Until former Assembly Speaker John A. Pérez called it off Friday, we were in the midst of what was likely to become the biggest election recount in California history. If anything good comes of this political tempest, it is to remind us how badly we need to reform our recount laws. The race to be the next state controller was excruciatingly tight. Fresno Mayor Ashley Swearengin, a Republican, is now set to face off against Board of Equalization member Betty Yee. Four hundred eighty-one votes separated Pérez and Yee, both Democrats. After the recount, which cost approximately $30,000, Perez picked up 10 votes. The way we do recounts in California is, well, a tad unruly. Welcome to the Golden State, where a candidate or other registered voter must request and pay for a recount. And they can choose which precincts will be subject to the recount. Why is this a problem?
First, the recount rules mean you get as much democracy as you can buy. Many of us know that money plays an outsized role in political campaigns. But, at least everyone still has the right to an equally weighted vote, or so we thought. This allowed many of us to sleep at night. Well, wake up folks. It turns out that money can play a troubling role in the actual counting of votes as well.

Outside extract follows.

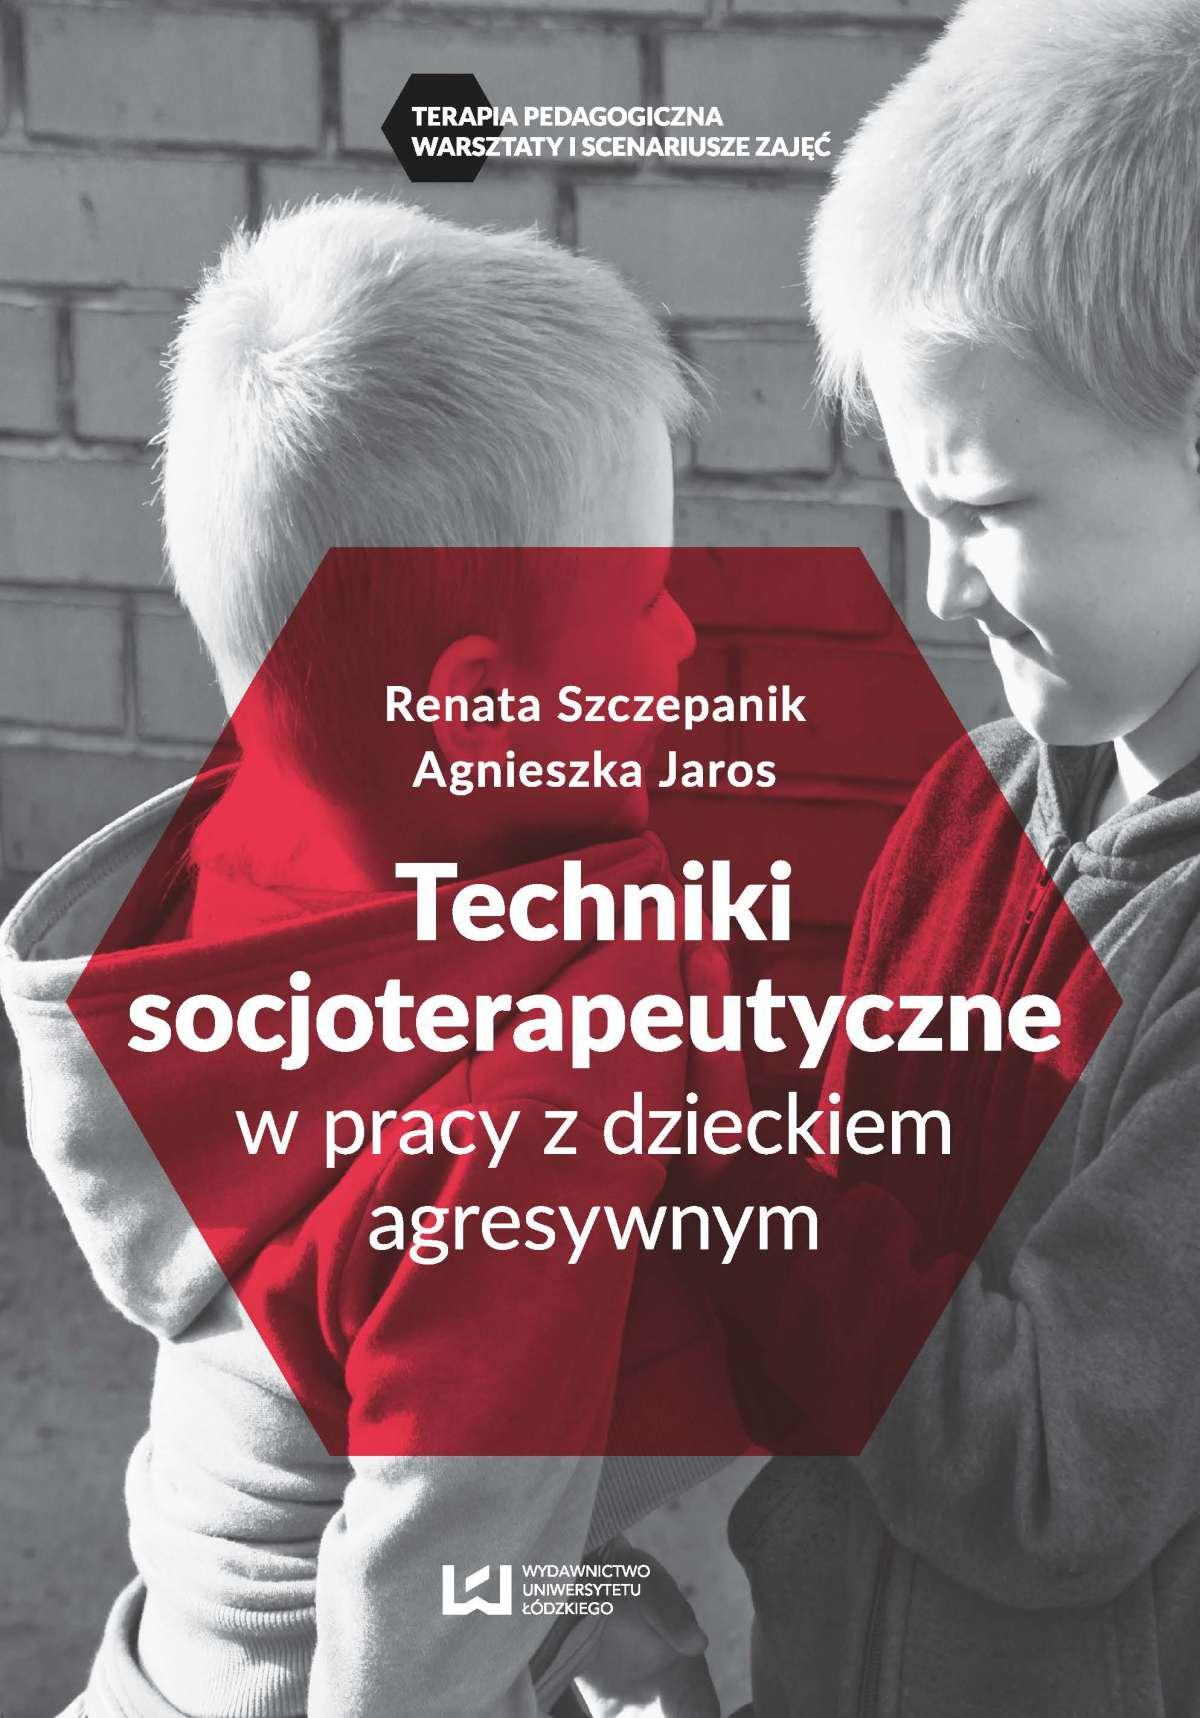 Techniki soscjoterapeutyczne w pracy z dzieckiem agresywnym - Ebook (Książka PDF) do pobrania w formacie PDF

There are no recounts in California unless the candidate or another registered voter can at least initially foot the bill for the cost of the recount. This means that candidates without money at the end of a campaign, or without access to friends with money, will not be able to avail themselves of a recount. So how many votes will get another look? As many as someone can pay for. Yes, this troubles me.
The typical case in these atypical cases is for a candidate to call for a recount and use her own funds or campaign funds. This is potentially just an upfront cost that can be recouped. If the candidate prevails she gets her money back.